カーボンニュートラルに向けたタイヤ変革の動き(脱炭素タイヤ)に際し、ミシュランが電動車を対象にプレミアムコンフォート「e・PRIMACY」を投入した。ただこれスポーツカテゴリーにとってまた逆風では? と懸念。
ところが続けざまにミシュランは、「PILOT」シリーズにスポーツEV・スポーツハイブリッド車向けとして「PILOT SPORT EV」を追加する速攻。
欧州はカーボンニュートラルで先行、2050年までにその達成を目指しているという。しかし、炭素(カーボン)の排出を完全ゼロに抑えることは現実的に難しい。その為に排出した分の同じ量を吸収または除去することで、差し引きゼロを目指す。
炭素とは温室効果ガス、つまりCO2、メタン、N2O(一酸化二窒素)、フロンガスなど。ニュートラルは中立を意味。この実現を目指すのがカーボンニュートラル。
クルマ業界で加速する電動化の流れが電動車という発想。EVは勿論、ハイブリッドやプラグインハイブリッド(PHEV)、燃料電池車(FCEV)など。そこから将来的にはEVまたは燃料電池車(FCEV)のみにするという。詳しくは以前書いた記事を参考に。

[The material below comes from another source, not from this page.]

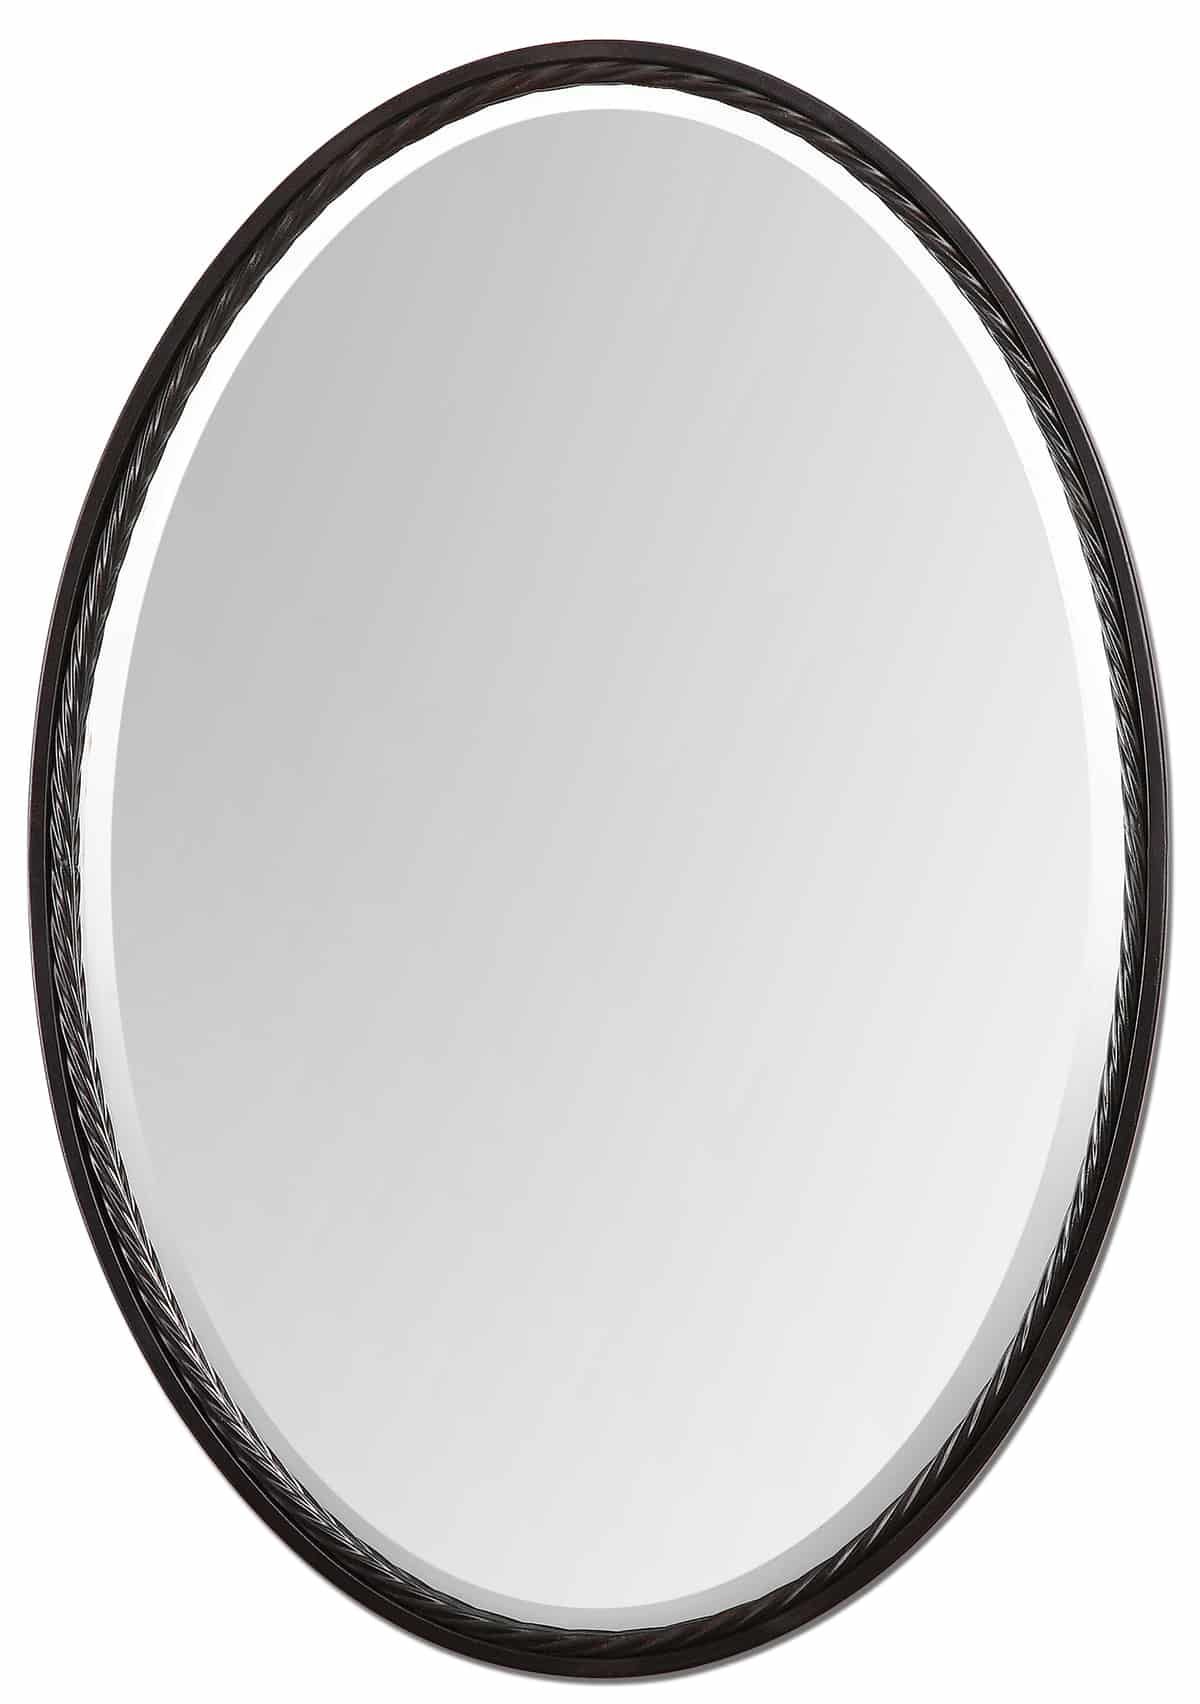 Casalina Oil Rubbed Bronze Oval Mirroruttermost Throughout Ceiling Hung Oiled Bronze Oval Mirrors (View 5 of 15)

そして、タイヤに関してカーボンニュートラル実現は、低燃費タイヤの出現期以上にスポーツカテゴリーにとって逆風では、と懸念を示しました。ところが‥ 冒頭のミシュランの動きは大いにビックリ。
因みに「PILOT SPORT EV」は、2014年9月から開催されている、FIA フォーミュラEのレースで培った技術を応用した新設計のタイヤです。対象をスポーツEV・スポーツハイブリッド車向けとし、電動車特有の性能に適合させつつもスポーツカーユーザーが求める要求に応える、という特性。
ザックリ言えば、モーター走行なので車内騒音に配慮し静粛性に優れる。また重要が増すことで起こる偏摩耗や早期摩耗を抑制する。これを実現しスポーツカーユーザーが求める安全性能とドライビング性能を失わないスポーツタイヤ。
「PILOT SPORT EV」のコンパウンドは新開発、しかしトレッドデザインはフォーミュラEのレース技術を応用設計した現行「PILOT SPORT 4」に良く似ている。低燃費タイヤの規定を満たしていないものの、トレッドデザインの流用は目指す方向性に合致しているのでは。
ということで、カーボンニュートラル対応タイヤ(脱炭素タイヤ)の基本ベースは低燃費タイヤ、そこから更なる特性を加味または削ぎ落し最適化することになるかと。
今後この動き、各メーカーで活発化してくるのは間違いないでしょう。低燃費タイヤの導入期には様々な変革を齎しました。それ同様いや以上に大きな変革になるのでは、と予測しておきます。